WHAT TO PRODUCE: Your task is to copy the lines from the line containing "Three quarter view" through the end of the listing below, both included, without any pictures.

-------- DATA EXCERPT

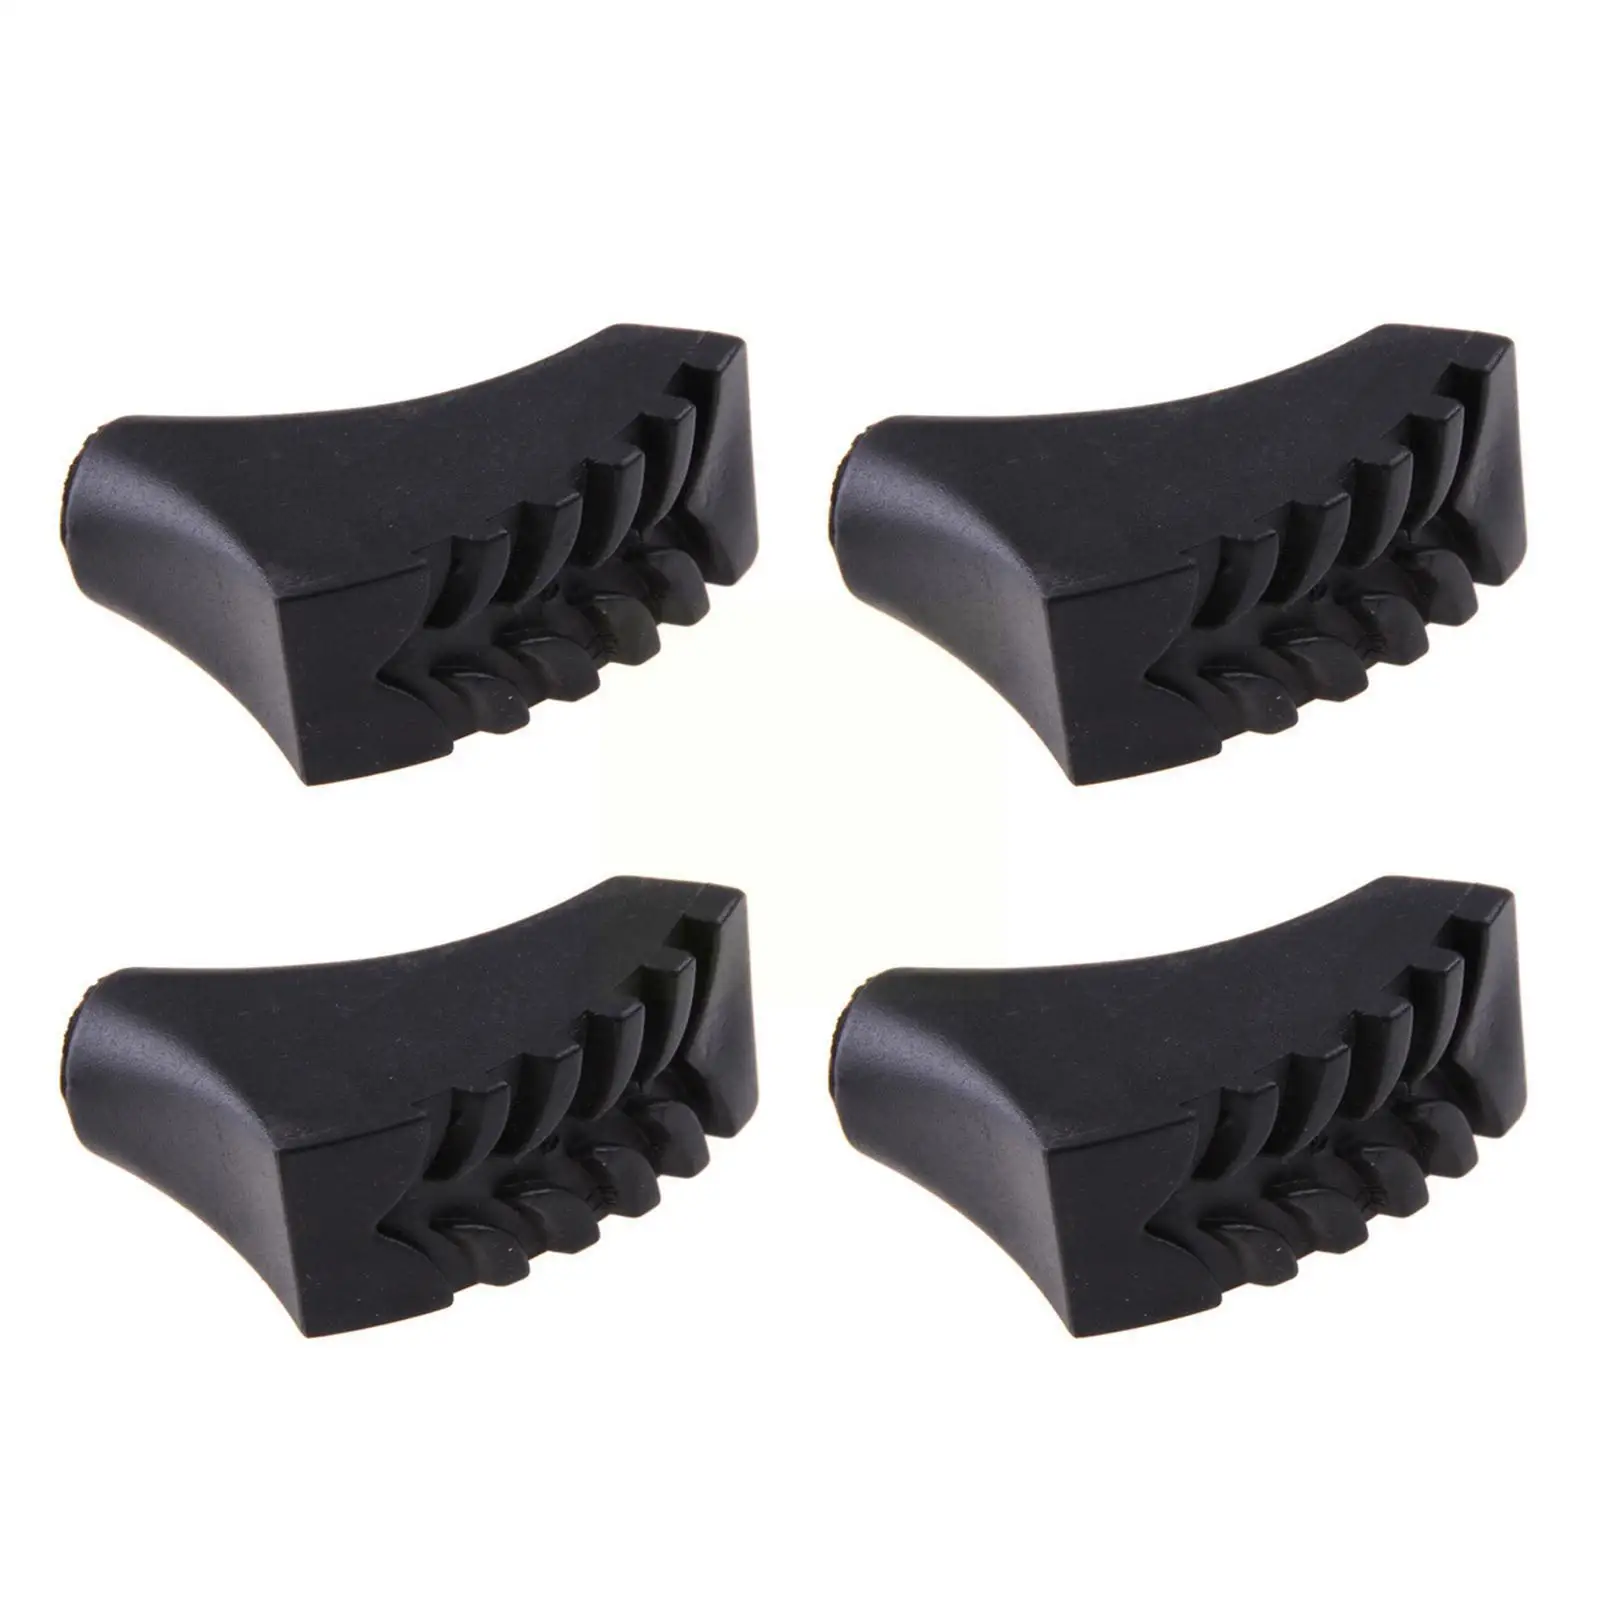 

Black Rubber Boot Tips Walking Pole Trekking Pole Tip Protectors Rubber Pads Buffer Replacement Tips End For Hiking Stick W2Q2
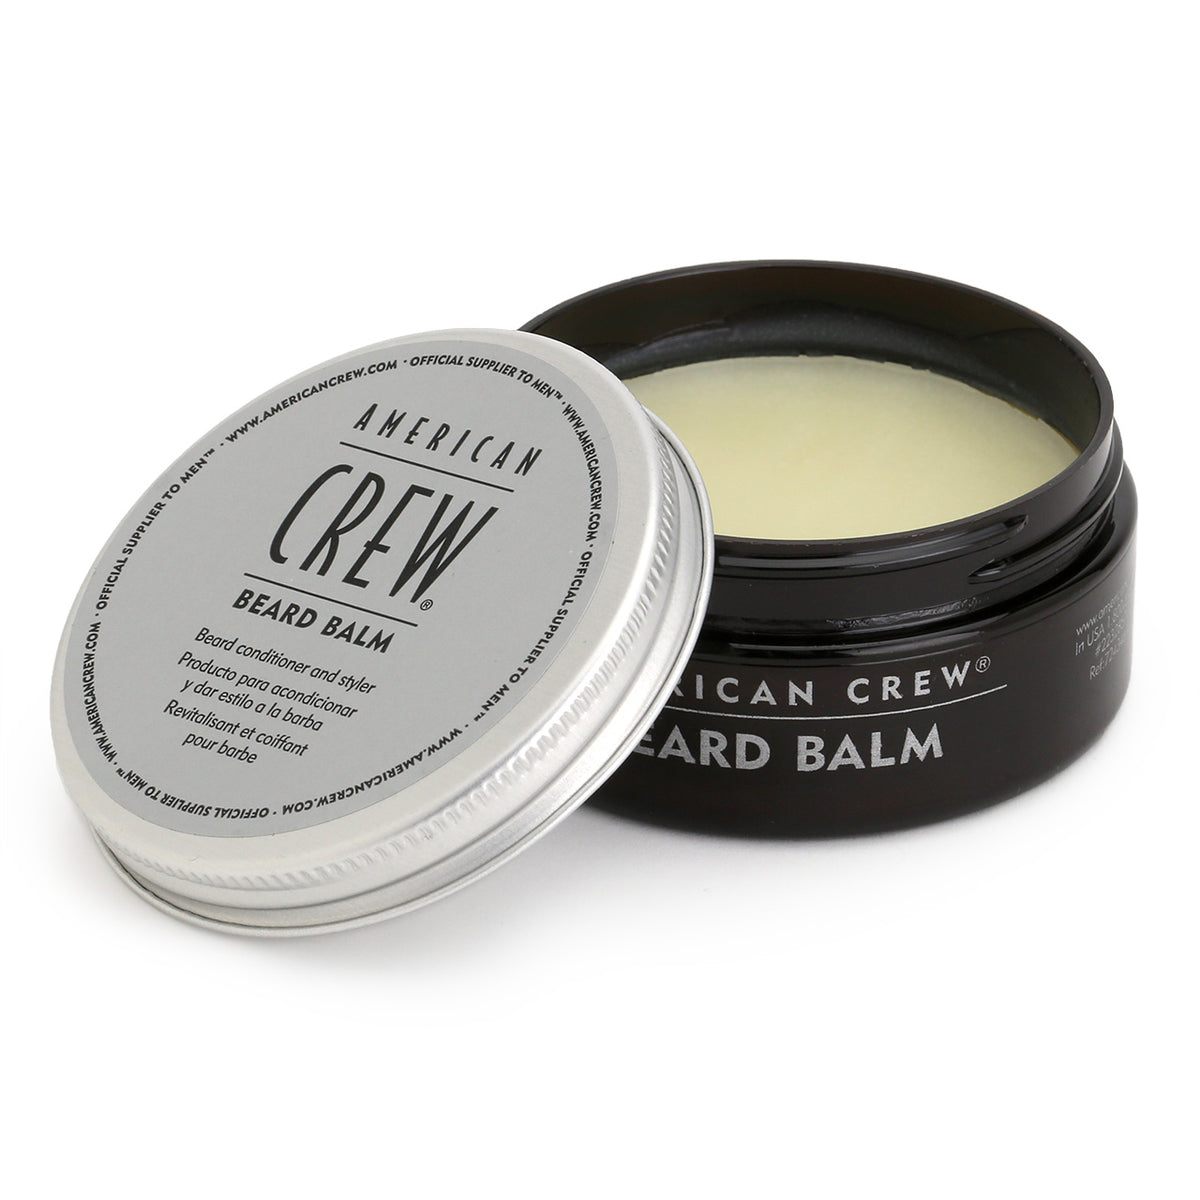 Three quarter view of the tub of American Crew Beard Balm which is black with an aluminium lid, and shows the buff-coloured product inside
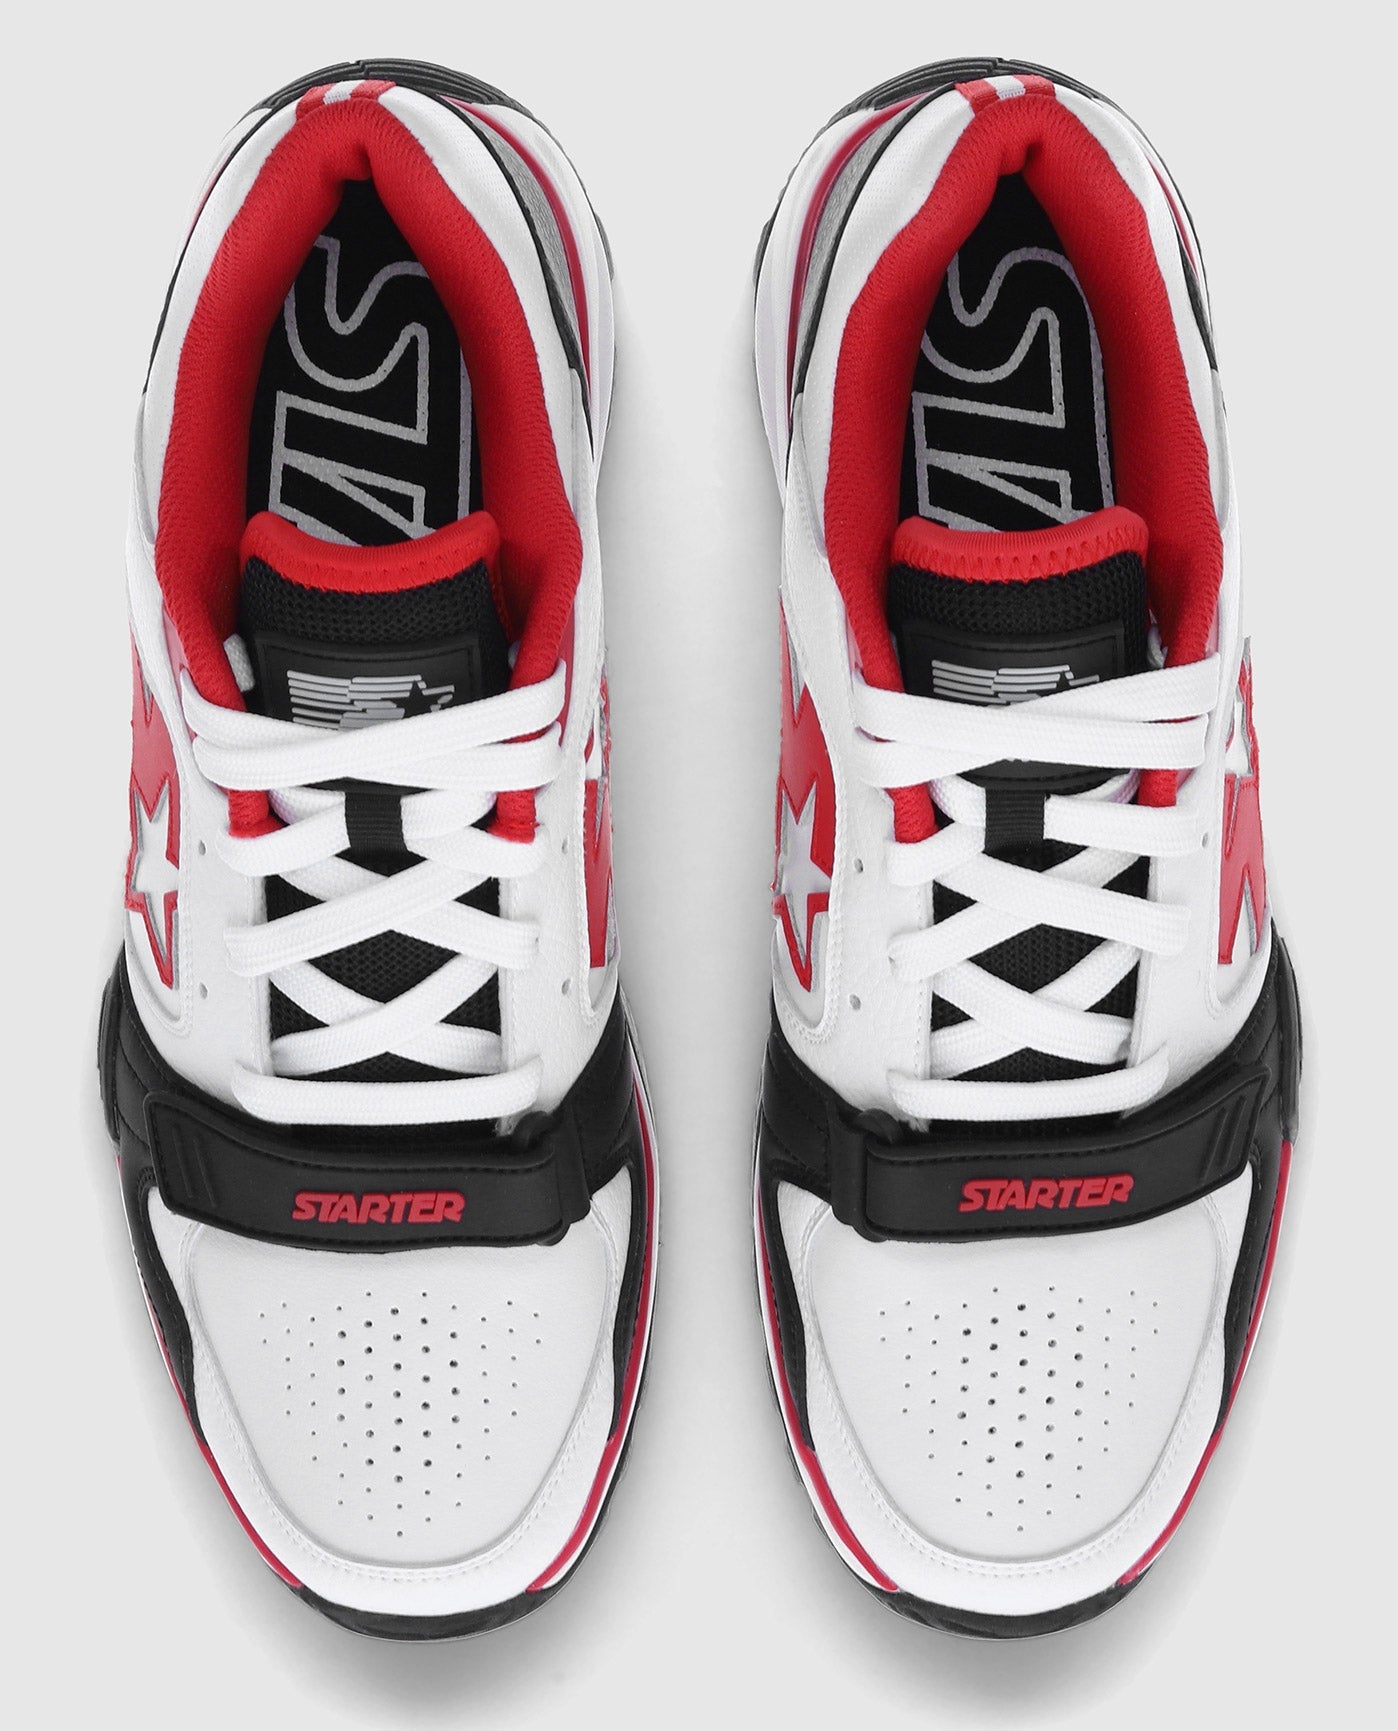 Top Angle Of Starter Team Trainer 92 Low Red Sneaker Pair | Red

----------------

YOUR SOLUTION:
 Three quarter view of the tub of American Crew Beard Balm which is black with an aluminium lid, and shows the buff-coloured product inside
 Top Angle Of Starter Team Trainer 92 Low Red Sneaker Pair | Red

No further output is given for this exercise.